Yesterday was the start of the summer solstice, but summer officially starts for me when I hear ‘Cruel Summer’ by Bananarama. And it happened this past Saturday when I was driving on the Belt Parkway in Brooklyn, with the sunroof down, listening to the 80s on 8 channel on Sirius XM. I was instantly transported to my childhood summers.

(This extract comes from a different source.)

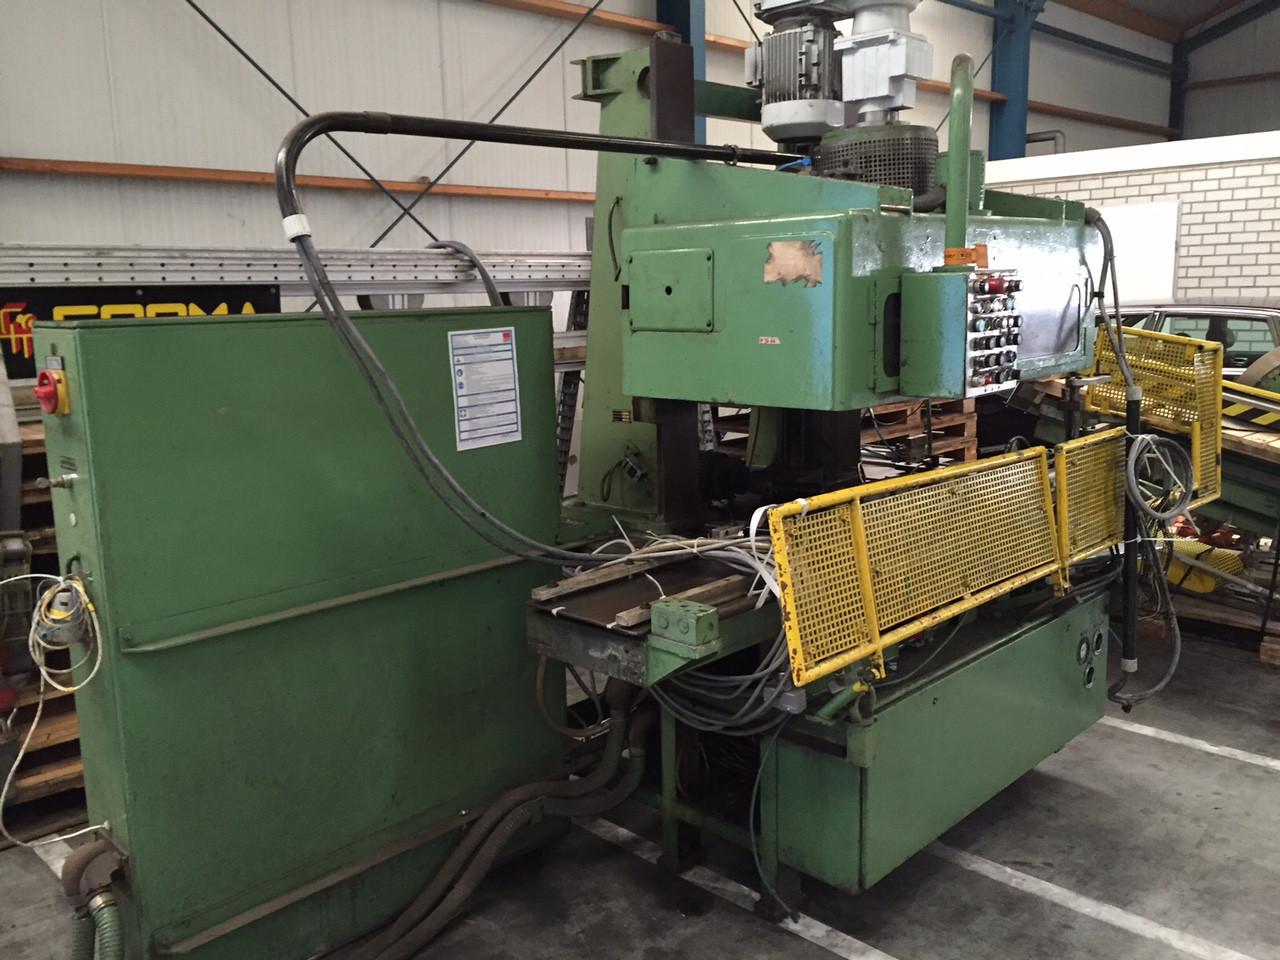 Lanico VMU 2-275 seamer

When I was a kid, my parents room was the only one with an air conditioner. On what counted for an unbearably hot day in the late 1900’s, my mom used to turn on the unit and close the door to keep the room frosty. I would make a tent fort out of sheets and couch cushions and bring along my bright blue New York Giants sleeping bag (it was on sale at Modell’s), a portable radio to listen to Z-100, 98.7 KISS FM or WBL “kicking” S, and the latest Sweet Valley High paperback. My mom would invariably pop in with a snack – be it sliced mangoes or Grace’s strawberry syrup either mixed in milk or poured over shaved ice. Oooooh, talk about the good old days.
Throughout the years, Cruel Summer has taken on a different connotation for me. It’s come to represent literal cruel summers in the form of a terrible climate event, political shenanigans or protests due to some unjust or unrighteous act.
This week, the focus was on a submersible carrying five people that was headed towards the wreckage of the Titanic. There used to be a time, if people would be ghoulish they’d throw a “too soon”? after whatever they said, acknowledging that they knew what they’d said was f*cked up – that time has come and long gone. No sooner than the news became widespread of the submersible’s disappearance, than a race was on to see who could get off the most heinous posts.
And that’s part of the reason, for the past six months, I’ve cut my social media usage way back. The blatant and constant lack of humanity, is overwhelming. When and if there’s been something suspect that I’ve laughed at, it always makes me question myself because that’s not the person I think I am, nor the person I want to be.
But expressing disdain at gallows humor often gets met indignantly or “this is how we deal with tragedy”, which, could be true for some people. But for many others I’m guessing are only trying to make their punchline or meme go viral. Funny how nobody just ever cops to posting these “jokes” just because they’re an a**hole.
Yes, people die every day that don’t get nearly as much coverage, which is a problem. Just yesterday a migrant boat off the coast of Spain’s Canary Islands capsized and last week off a Greek coast, over 700 migrants from Syria, Egypt and Pakistan died in a shipwreck. The latter tragedy is being used in a dark bout of whataboutism, which, if you’re a person who has always cared about humanitarian crises around the world is much different than… if you’re only using it to explain why making fun of those men dying is okay.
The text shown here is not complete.